How To Fix Denial Code 219 | Common Reasons, Next Steps & How To Avoid It

Denial Code 219 means that the adjustment is based on the extent of injury. This code is used when the payer needs to provide information regarding jurisdictional regulations at either the claim level or the line level. In this article, we will explore the description of denial code 219, common reasons for its occurrence, next steps to resolve it, how to avoid it in the future, and provide example cases.

2. Description

Denial Code 219 is used when the adjustment is based on the extent of injury. If the adjustment is at the claim level, the payer must send and the provider should refer to the 835 Insurance Policy Number Segment (Loop 2100 Other Claim Related Information REF qualifier ‘IG’) for jurisdictional regulations. If the adjustment is at the line level, the payer must send and the provider should refer to the 835 Healthcare Policy Identification Segment (loop 2110 Service Payment information REF).

2. Common Reasons

The most common reasons for denial code 219 are:

  1. Jurisdictional Regulations: Denial code 219 may occur when the payer needs to provide information regarding jurisdictional regulations. This can happen when the adjustment is at either the claim level or the line level. It is important for providers to understand and comply with these regulations to avoid denials.
  2. Incomplete or Inaccurate Information: Denial code 219 may also occur if the claim or line level information provided by the provider is incomplete or inaccurate.

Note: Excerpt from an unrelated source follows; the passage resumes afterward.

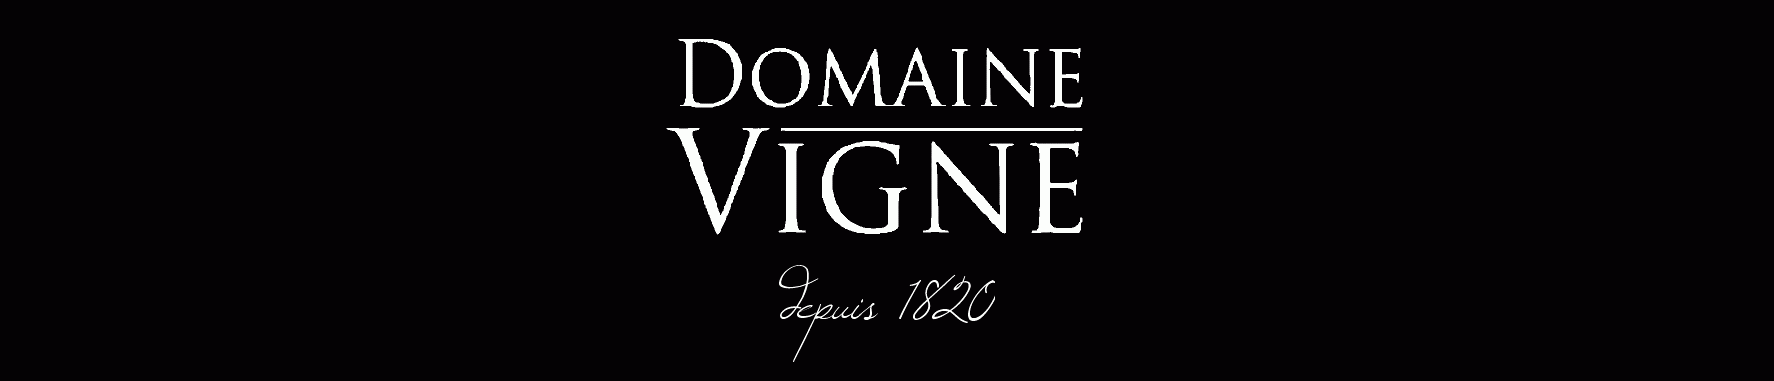 Domaine Vigne Bernard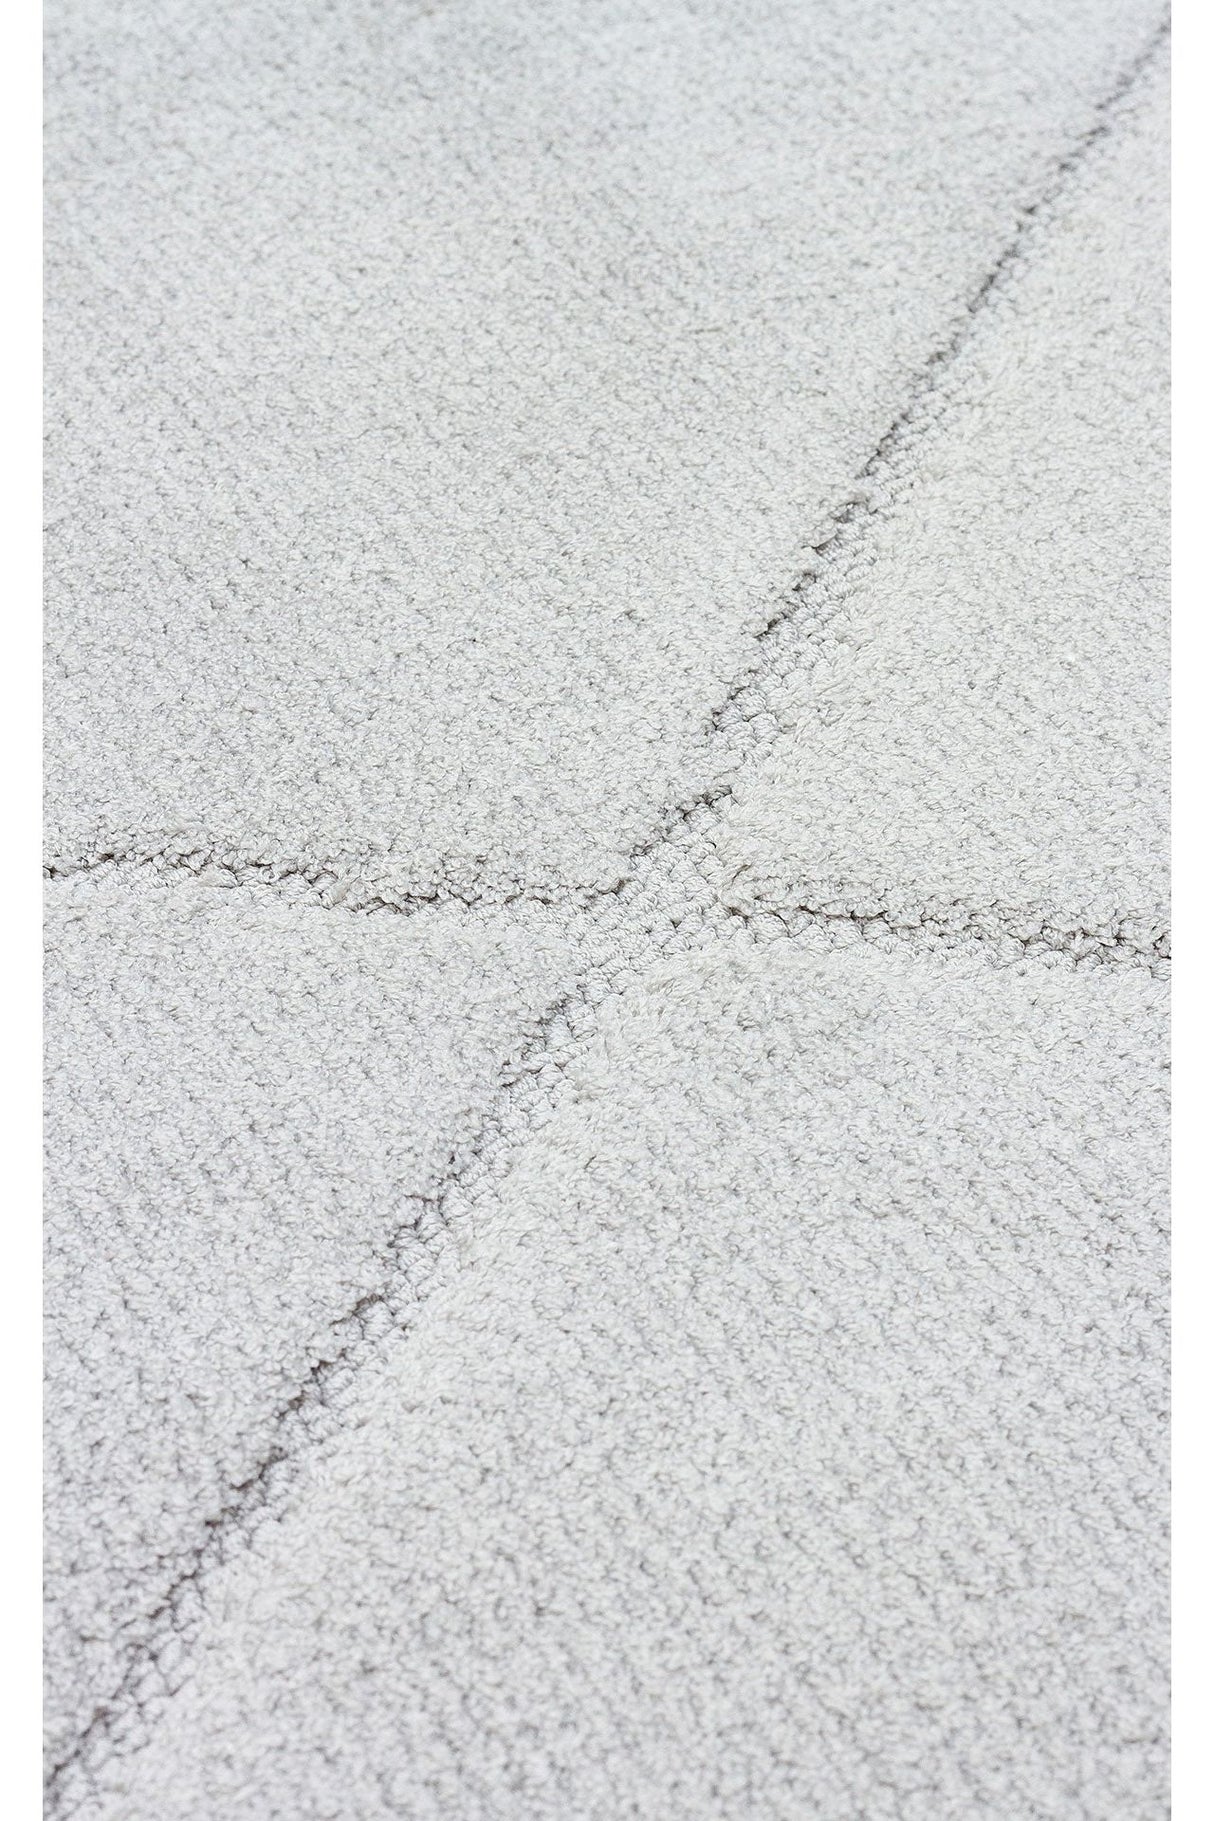 #Turkish_Carpets_Rugs# #Modern_Carpets# #Abrash_Carpets#Msr 03 Grey

It is crucial for providers to ensure that all necessary information is included and accurate to prevent denials.
  3. Lack of Documentation: Insufficient or missing documentation to support the extent of injury can lead to denial code 219. Providers should ensure that they have proper documentation to substantiate the extent of injury and support the services billed.
  4. Non-Covered Services: Denial code 219 may occur if the services billed are not covered under the patient’s insurance policy. Providers should verify the coverage and benefits of the patient’s insurance plan before providing services to avoid denials.

3. Next Steps

To resolve denial code 219, providers should take the following steps:

  1. Review Jurisdictional Regulations: If the adjustment is at the claim level, providers should refer to the 835 Insurance Policy Number Segment (Loop 2100 Other Claim Related Information REF qualifier ‘IG’) for jurisdictional regulations. If the adjustment is at the line level, providers should refer to the 835 Healthcare Policy Identification Segment (loop 2110 Service Payment information REF). Understanding and complying with these regulations is essential to address denial code 219.
  2. Ensure Complete and Accurate Information: Providers should review the claim or line level information submitted to ensure it is complete and accurate. Any missing or incorrect information should be corrected and resubmitted to the payer.
  3. Provide Sufficient Documentation: Providers should ensure that they have proper documentation to support the extent of injury and the services billed. This documentation should be submitted along with the claim to address denial code 219.
  4. Verify Coverage and Benefits: Before providing services, providers should verify the coverage and benefits of the patient’s insurance plan. This will help prevent denials due to non-covered services.

4. How To Avoid It

To avoid denial code 219 in the future, providers should follow these steps:

  1. Stay Updated on Jurisdictional Regulations: Providers should stay informed about jurisdictional regulations that may impact claim adjustments. Regularly review and understand the regulations to ensure compliance.
  2. Double-Check Information: Before submitting a claim, providers should double-check all information to ensure it is complete and accurate. This includes verifying patient demographics, service codes, and any other relevant details.
  3. Maintain Proper Documentation: Providers should maintain proper documentation to support the extent of injury and the services billed. This documentation should be organized and easily accessible when needed.
  4. Verify Coverage and Benefits: Prior to providing services, providers should verify the coverage and benefits of the patient’s insurance plan. This will help identify any potential non-covered services and allow for appropriate billing or alternative arrangements.

5. Example Cases

Here are two examples of denial code 219:

  • Example 1: A provider submits a claim for a specific procedure, but the payer denies it under denial code 219 due to jurisdictional regulations that require additional documentation to support the extent of injury. The provider reviews the regulations, gathers the necessary documentation, and resubmits the claim with the required supporting information.
  • Example 2: A provider bills for a service that is not covered under the patient’s insurance plan. The payer denies the claim under denial code 219. To avoid this in the future, the provider verifies the coverage and benefits of the patient’s insurance plan before providing services.